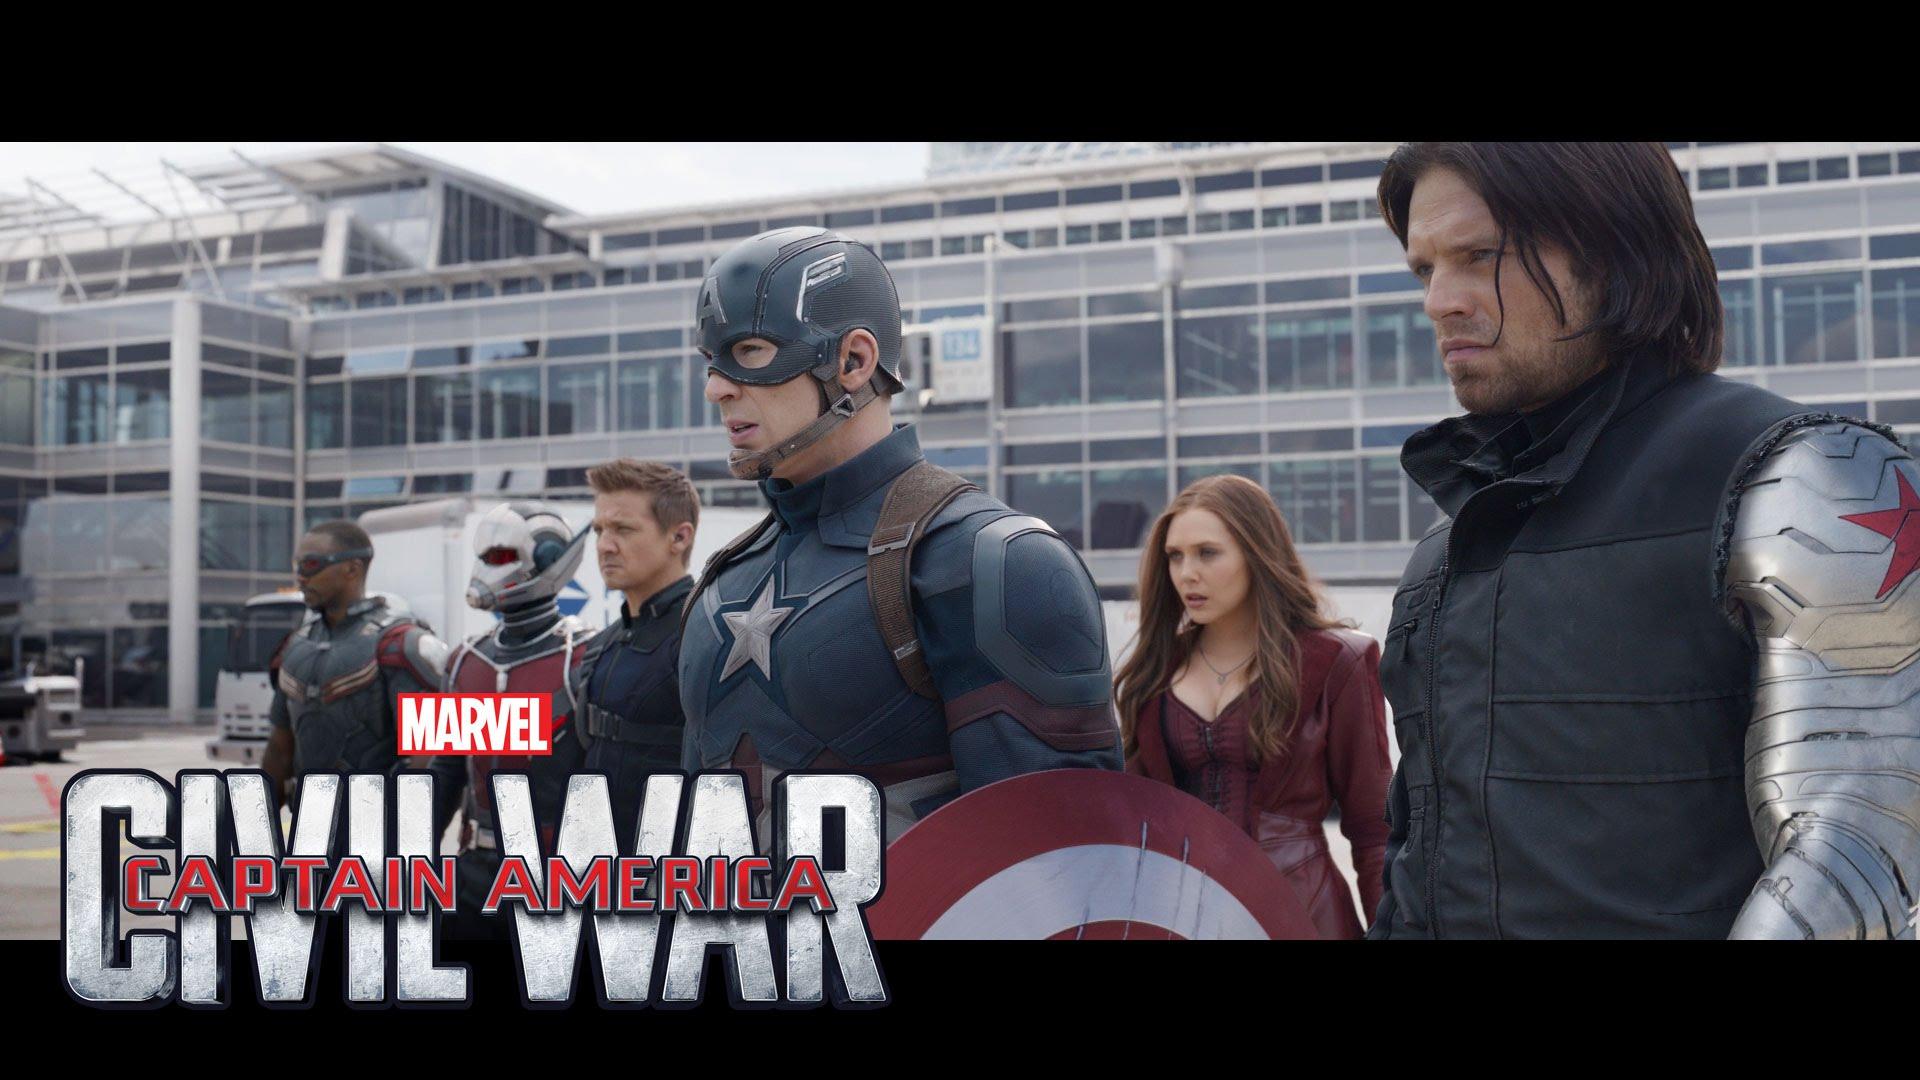 The Safest Hands - Marvel's Captain America: Civil War
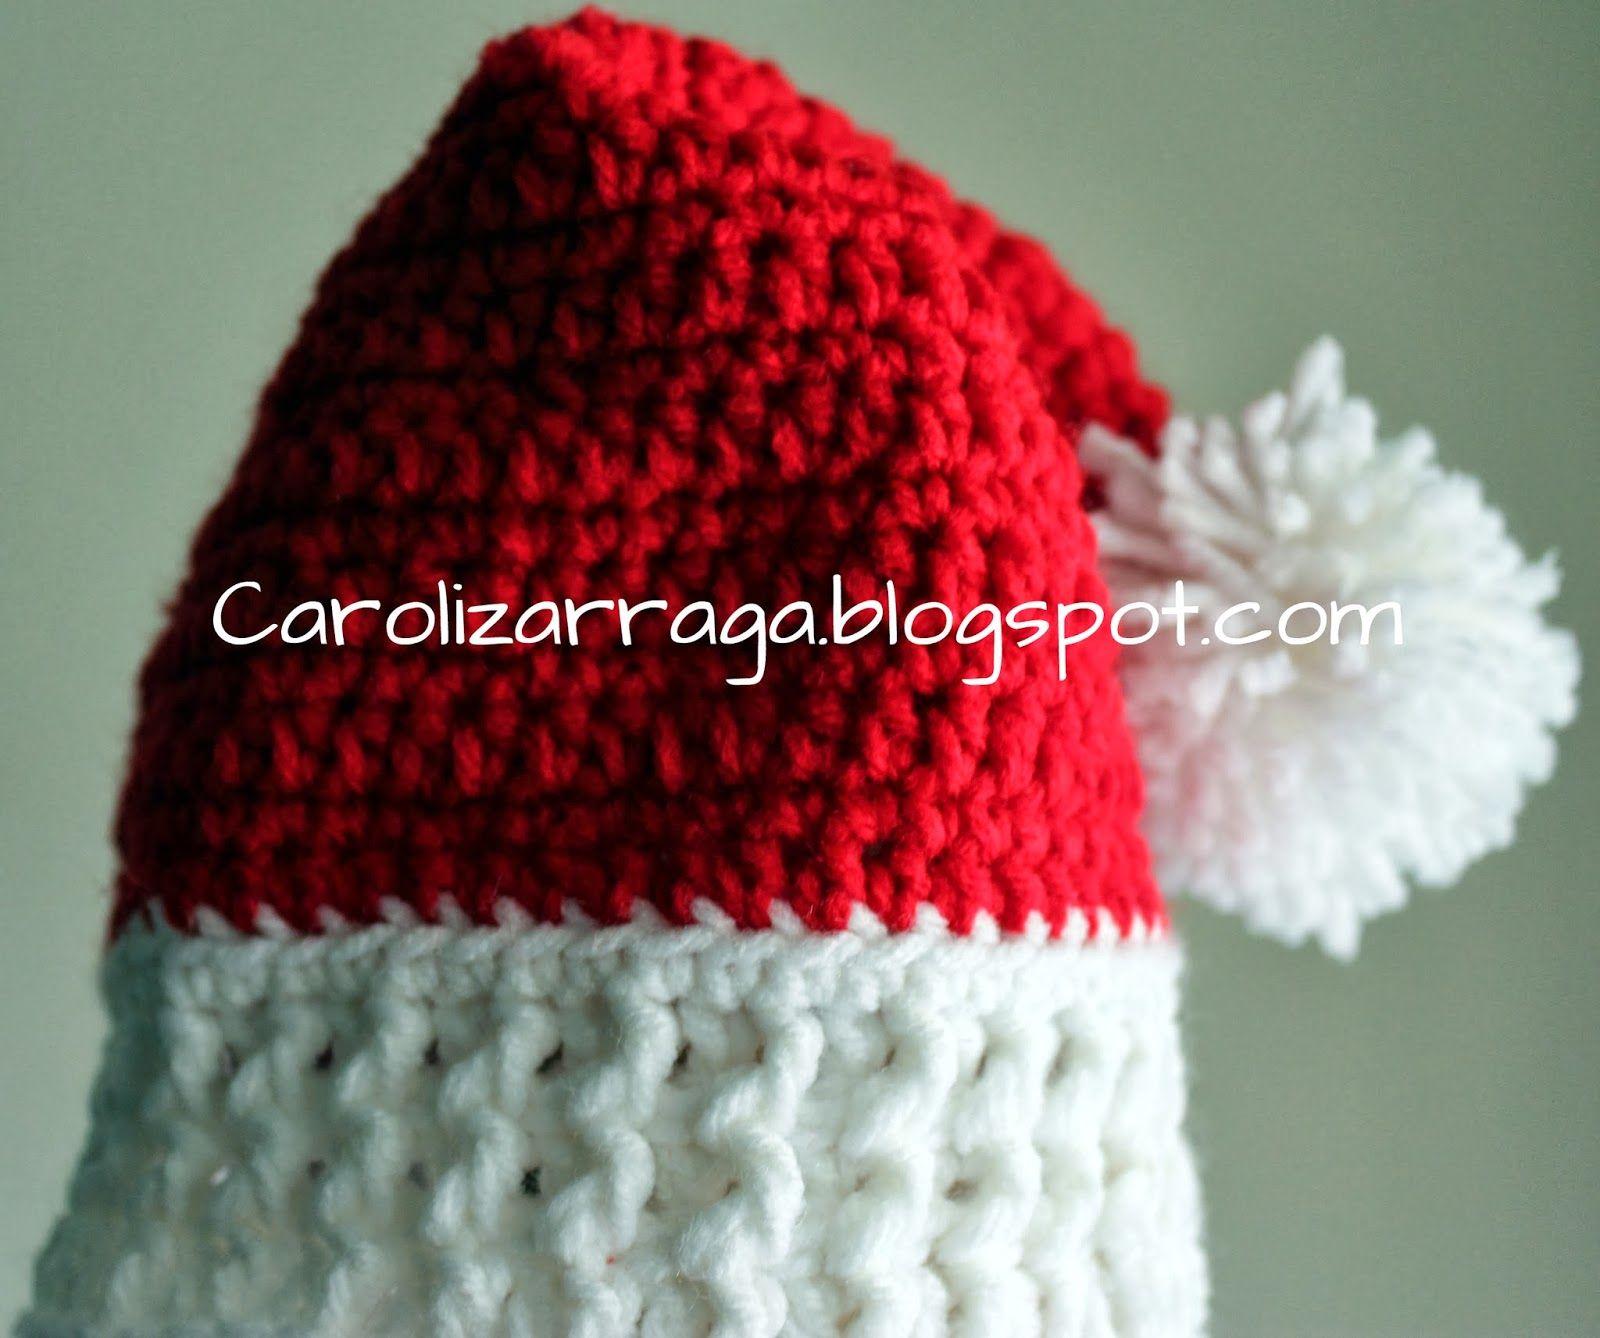 Patrones e ideas en Crochet..!!: Gorro navideno tejido a crochet ...
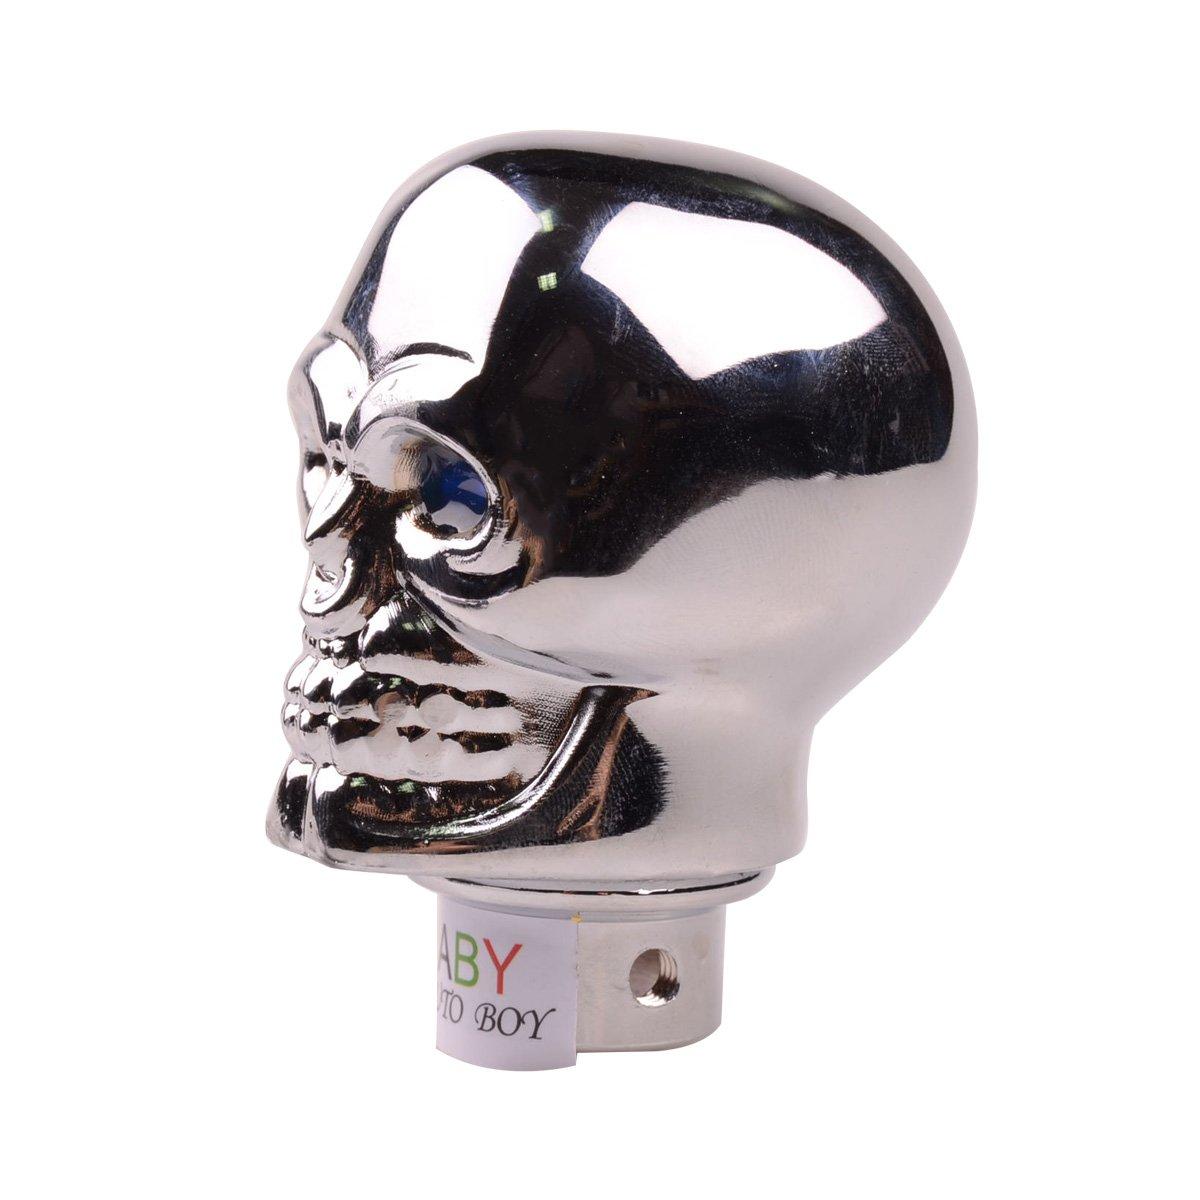 Automotive Interior Accessories ABy Skull Shape Auto Car Aluminium ...

· · · ·

WORK REQUEST: The answer should contain only the lines from the one with "Patrones e ideas" through the last line of the material, given word for word and without pictures.

ANSWER TO THE EXERCISE:
 Patrones e ideas en Crochet..!!: Gorro navideno tejido a crochet ...
 Automotive Interior Accessories ABy Skull Shape Auto Car Aluminium ...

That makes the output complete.